**ASSIGNED TASK**
The entries below are to be transcribed in full, without their images.

Items from a data source
#####

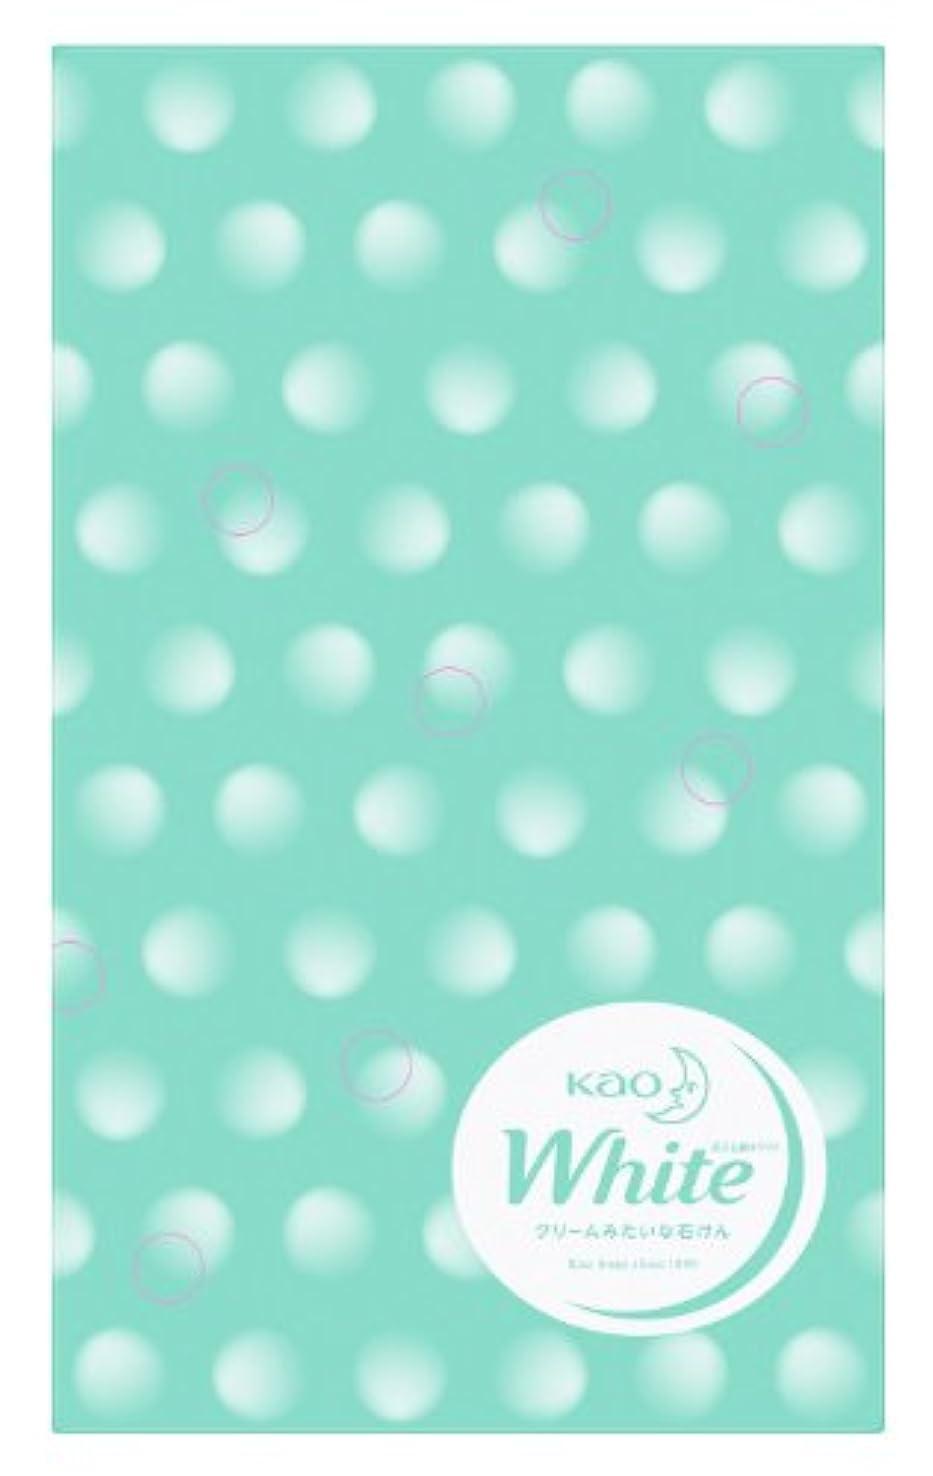 量ひもダム花王ホワイト 普通サイズ 10コ包装デザイン箱
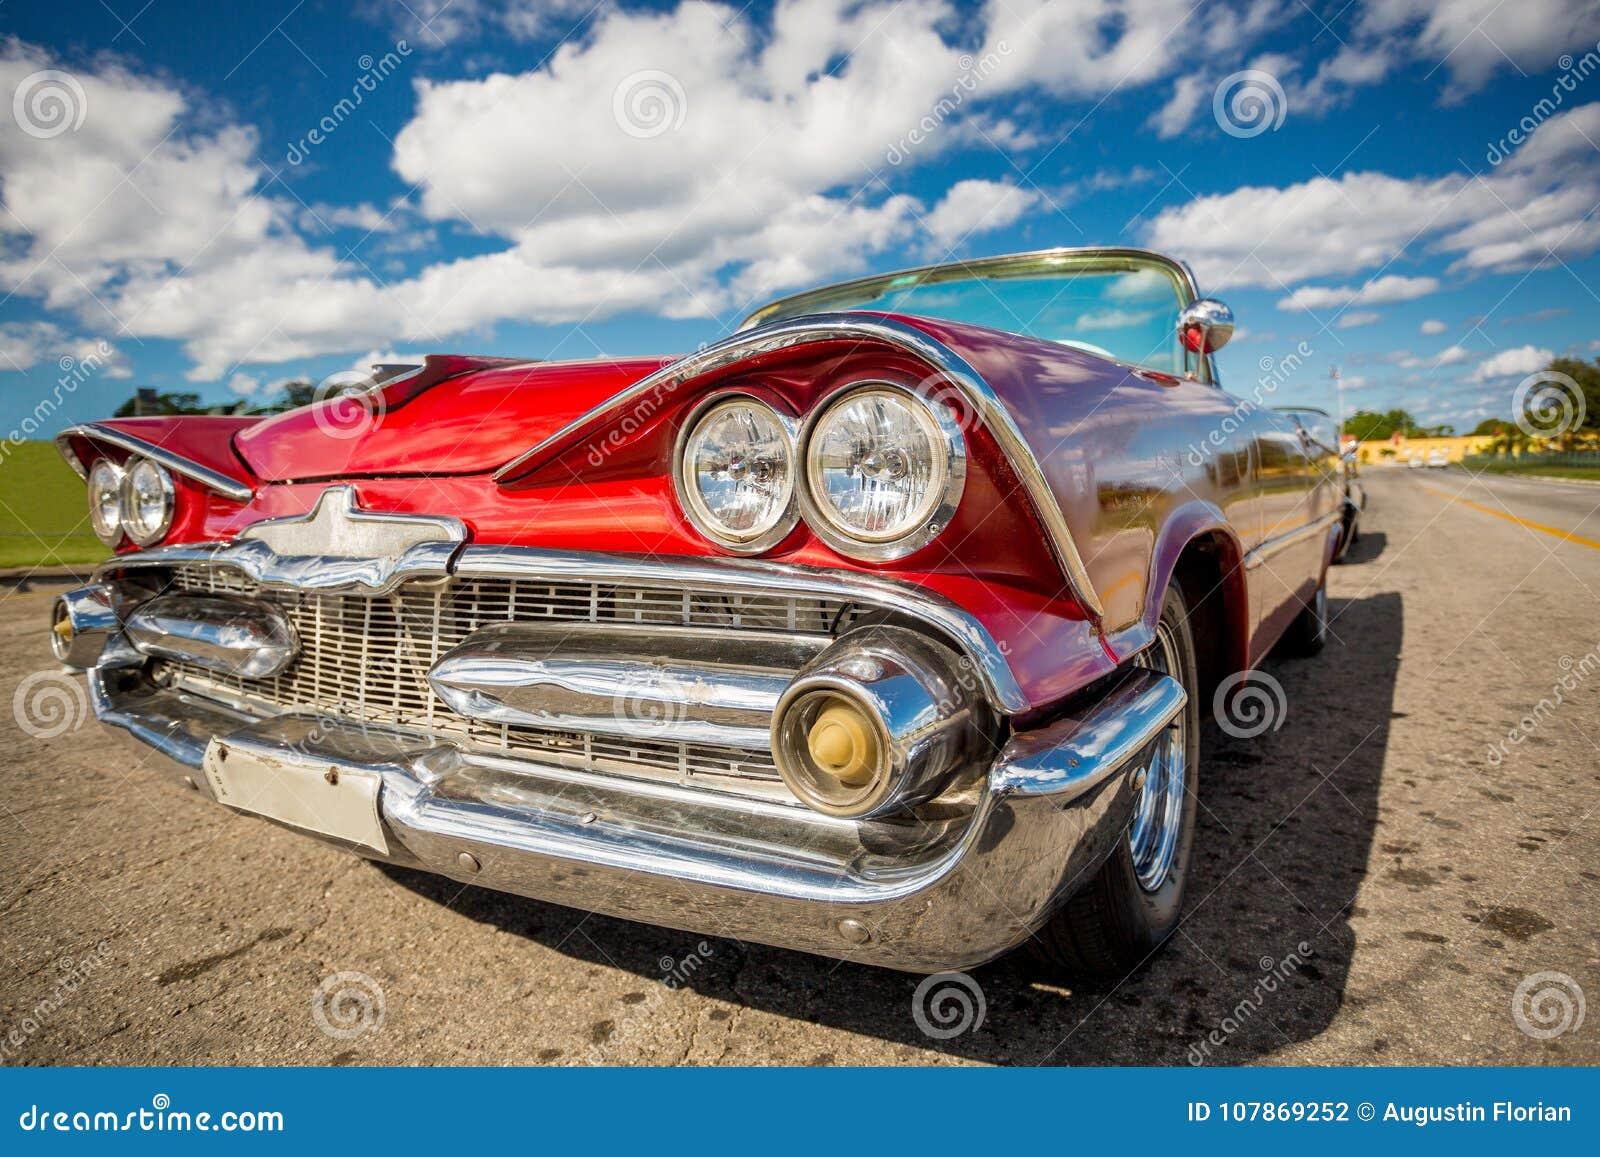 Automobile classica a Avana, Cuba
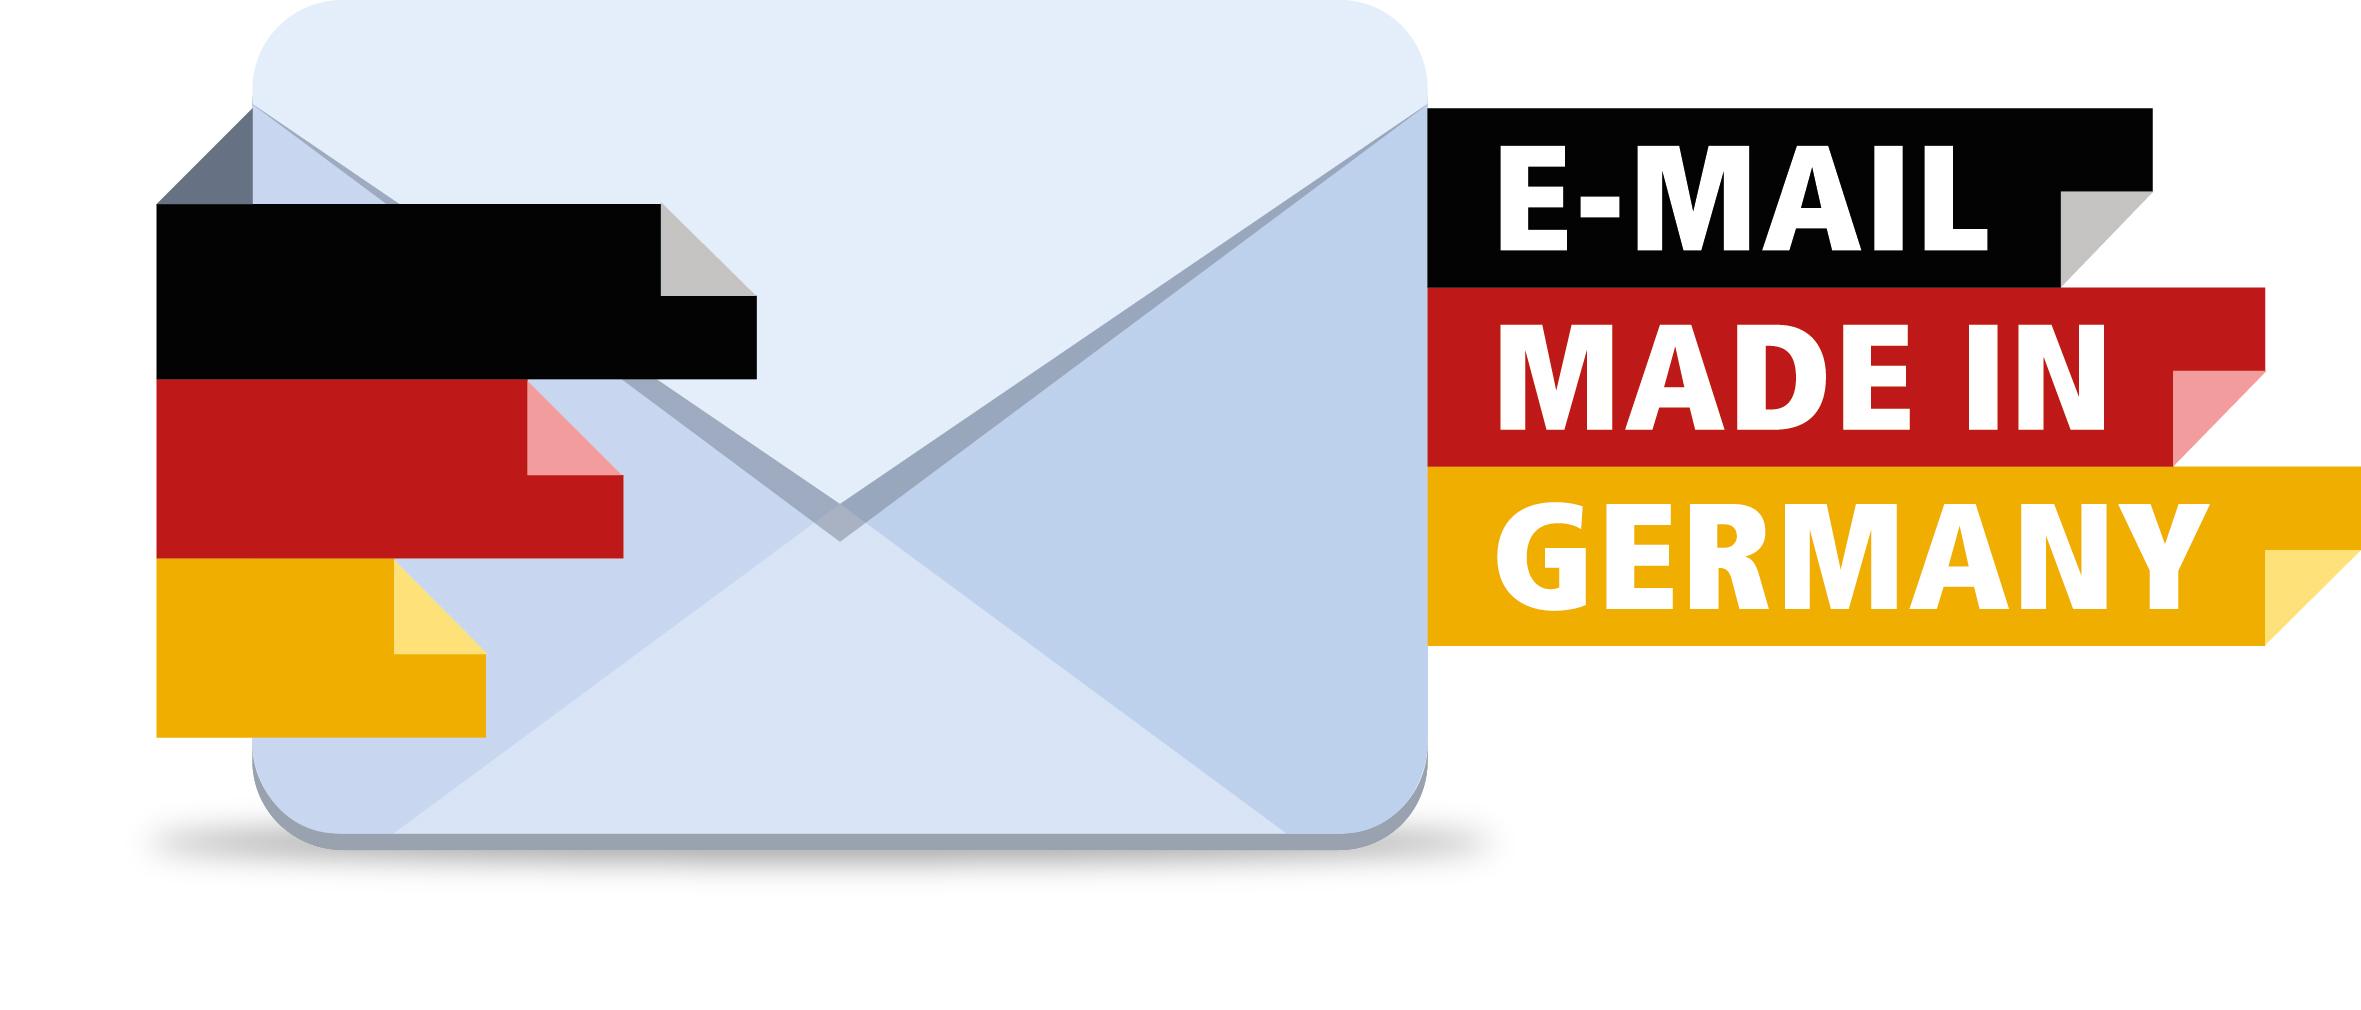 gmx de mail
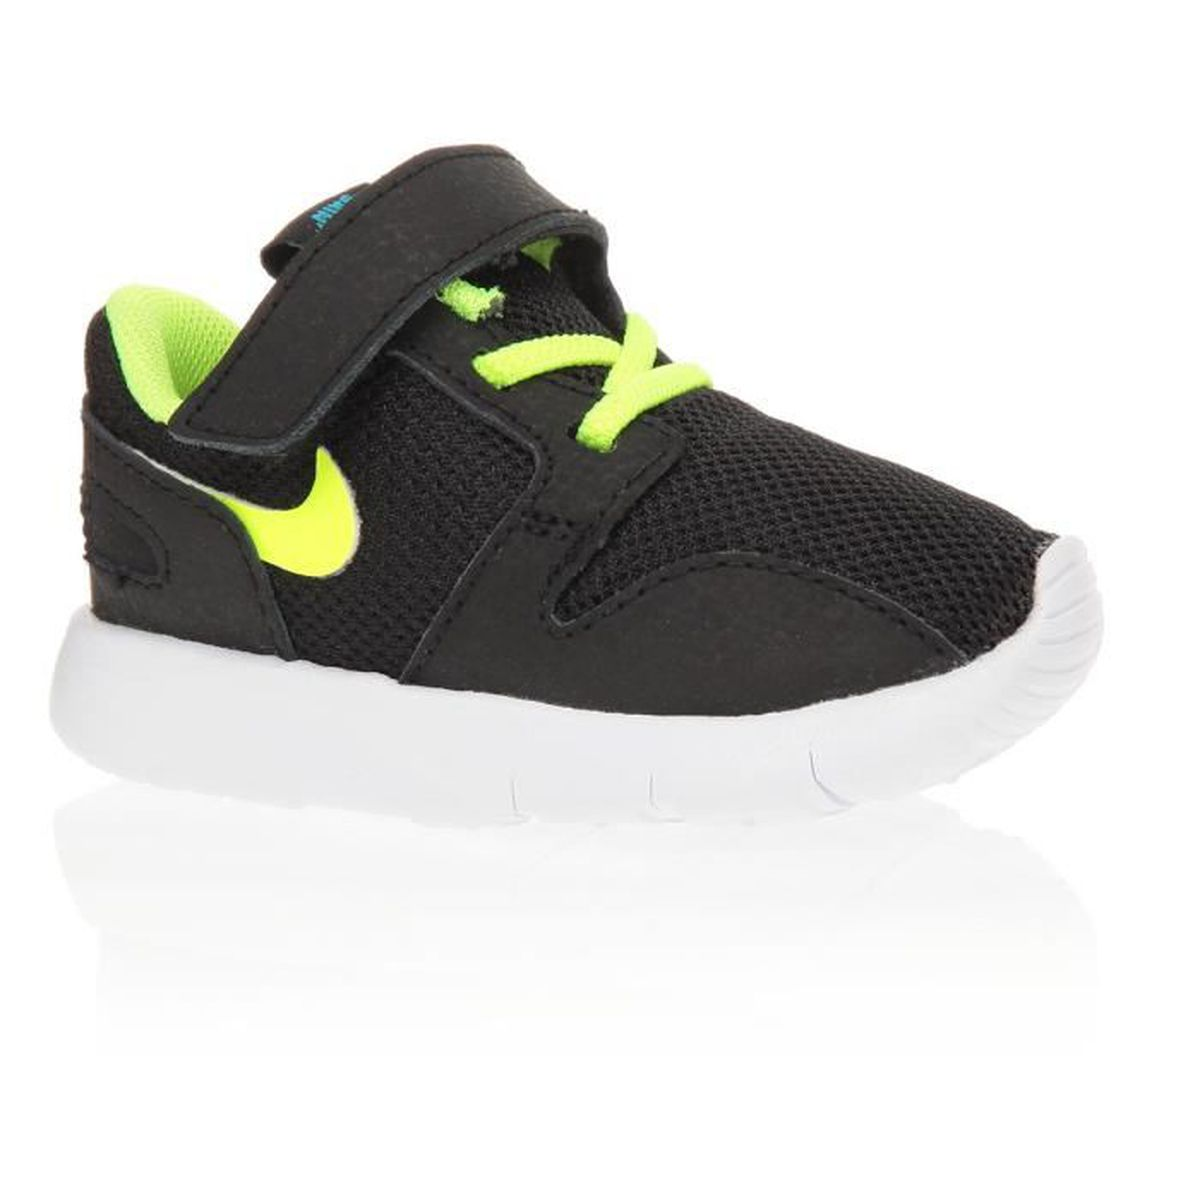 nike baskets kaishi td chaussures b b gar on noir et vert achat vente basket soldes. Black Bedroom Furniture Sets. Home Design Ideas
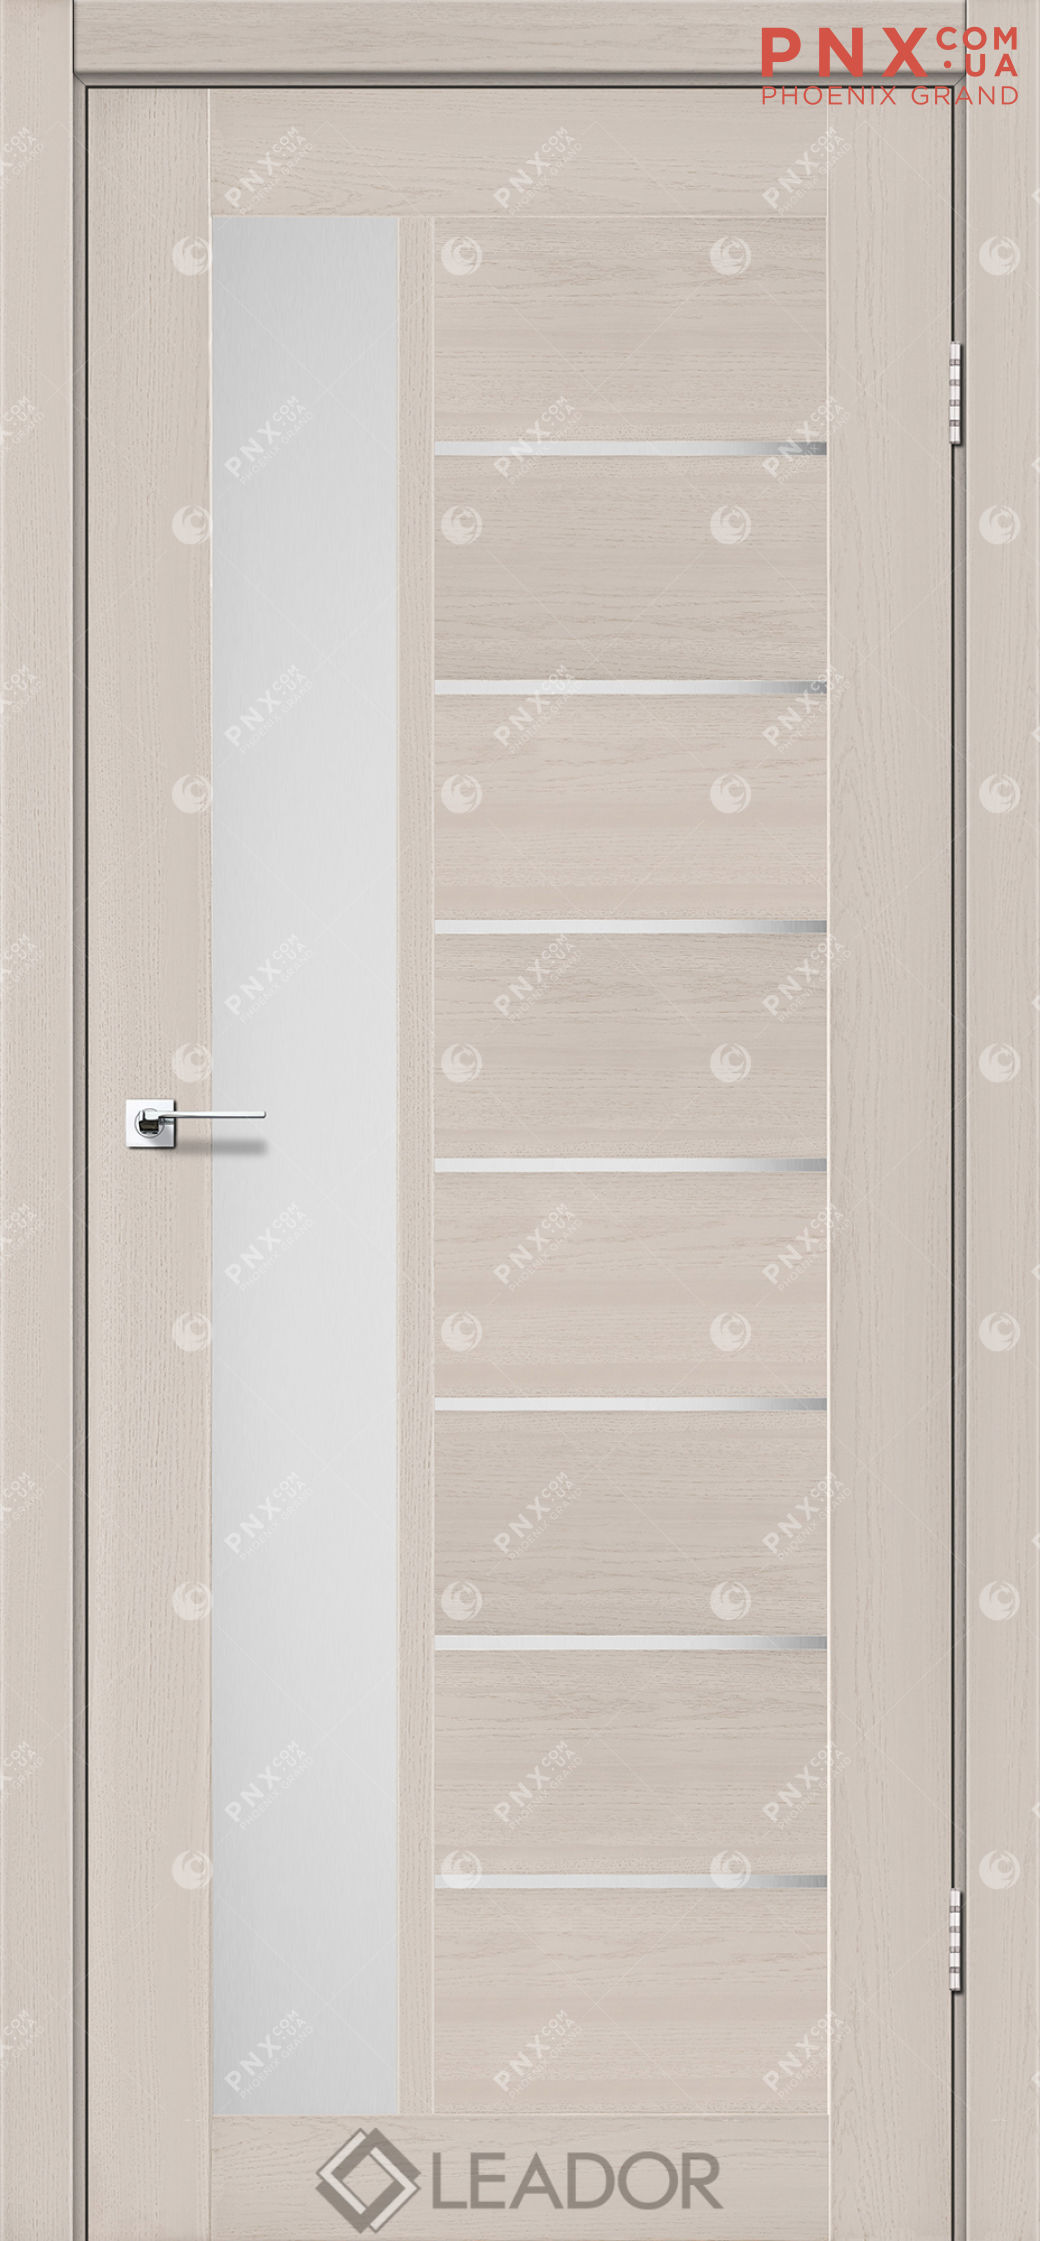 Межкомнатная дверь LEADOR Lorenza, Дуб Латте, Белое стекло сатин

#####

**YOUR RESPONSE**
 量ひもダム花王ホワイト 普通サイズ 10コ包装デザイン箱
 Automobile classica a Avana, Cuba
 gmx de mail
 nike baskets kaishi td chaussures b b gar on noir et vert achat vente basket soldes. Black Bedroom Furniture Sets. Home Design Ideas
 Межкомнатная дверь LEADOR Lorenza, Дуб Латте, Белое стекло сатин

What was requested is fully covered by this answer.